I think the ordinariness and blind stupidity, and its macabre consequences, combined with unshowy methodical professionalism, where a mere pregnancy is just par for the course, is the point of the film. Two other Coens, A Serious Man and Burn After Reading, have a similar cast of blind fate meets accidental participant. The latter two films are much funnier.

There are lots of great films after 1960. In Bloom, a Georgian film about one girl entrapped into a common path to early marriage, Once Upon A Time In Anatolia, about the transport across country of a prisoner. And The Road Home, a Chinese film about a much loved teacher’s return to his adopted village from the city where he died, and the reminiscence of his first arrival there and the love he sparked of a beautiful girl, under the disapproving eye of her mother, while the new school building was built. I’d watch any of these again tonight.

Brief Encounter is a wonderful movie. I especially like how it begins and ends with the same seemingly mundane scene at a train station. In the end, knowing the story of the characters, we see it from a very different perspective. Beautifully done!

Fargo, mainly in Minnesota where the Cohen bothers grew up. A dark comedy poking fun at the people & place.

If you want a good one to watch go to the original of THE ODD COUPLE. Newer try THE BANG BANG CLUB - one about photojournalists in South Africe - based on reality. You will most likely recognize a few of the names and photographs in the movie.

Lawton -> Laughton.

"Please, no musicals. No subtitles. But lots of action!!! Anything with Ben Stiller or Keira Knightly?"

The Night at the Museum series comes close, though no Keira Knightly.

I watched the movie, "Brief Encounter", which was a wonderful movie, classic black and white, beautiful photography, something I really appreciate. Thanks for the suggestion.

To a Brit today, Celia Johnson's accent seems very dated - you don't hear that kind of clipped, stereotypically controlled style of speech these days. I'm not sure how ubiquitous it ever was, but it was certainly the style adopted by the film industry and the BBC. It was the style to which the socially ambitious aspired. I saw Celia Johnson in a London stage play towards the end of her life. Rather as the Queen did during the course of her life, she seemed to have moderated her over-refined style of speech over time.
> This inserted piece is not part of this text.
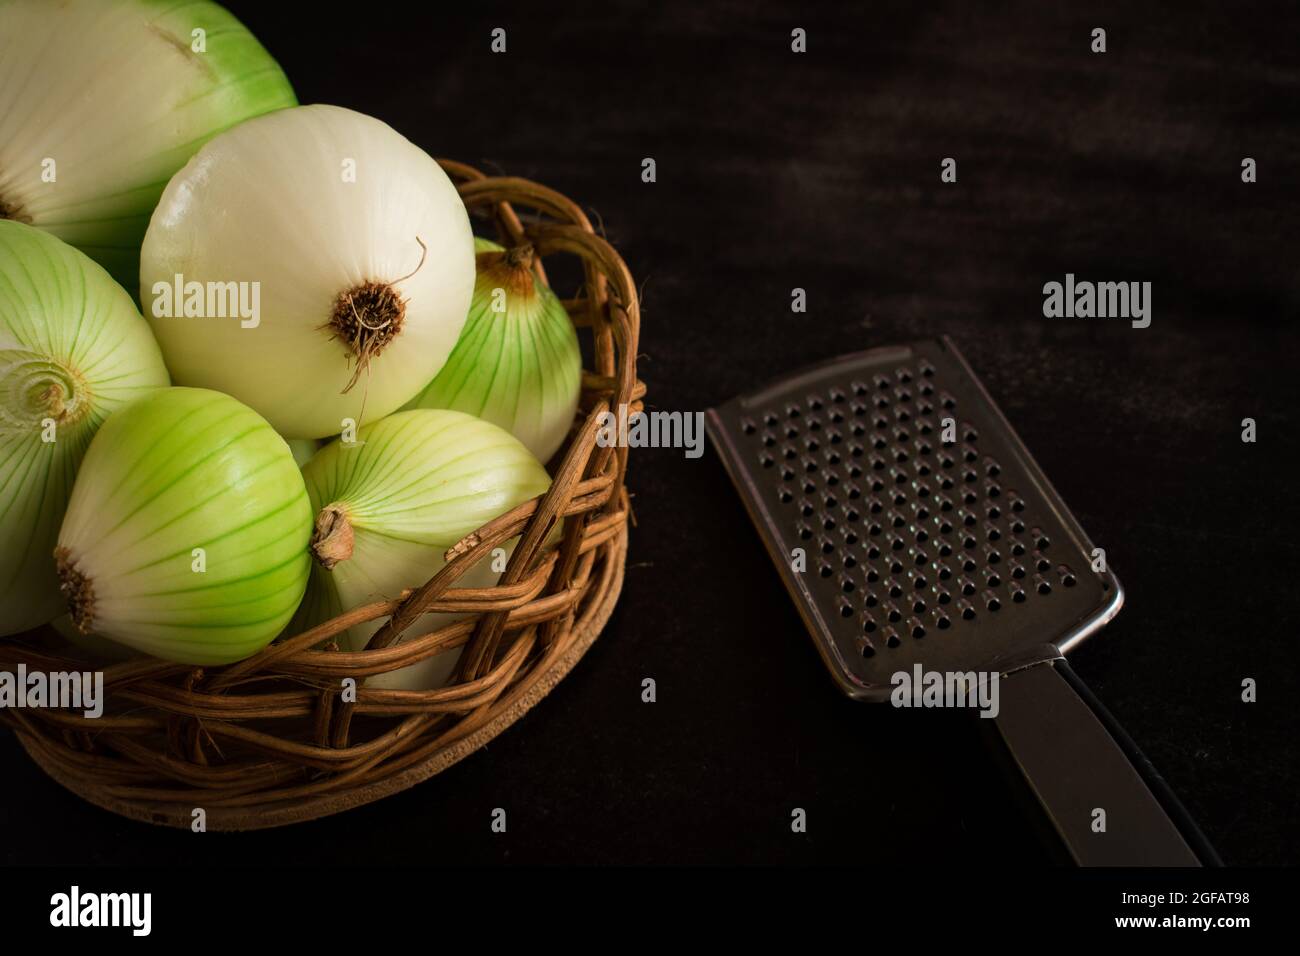 Some big green onions to cook in a brown basket and a metal grater on a black table with copy space Stock Photo

But I agree - the film is terrific, and it does capture the atmosphere of postwar Britain at the time, when divorce was a very rare thing, and no one - but no one! - conducted extramarital affairs (although of course they did). The differences between the accents of different generations is a fascinating subject: compare William's accent (high-end classless) with his grandmother's. My nephews speak rather differently from my mother (now long gone).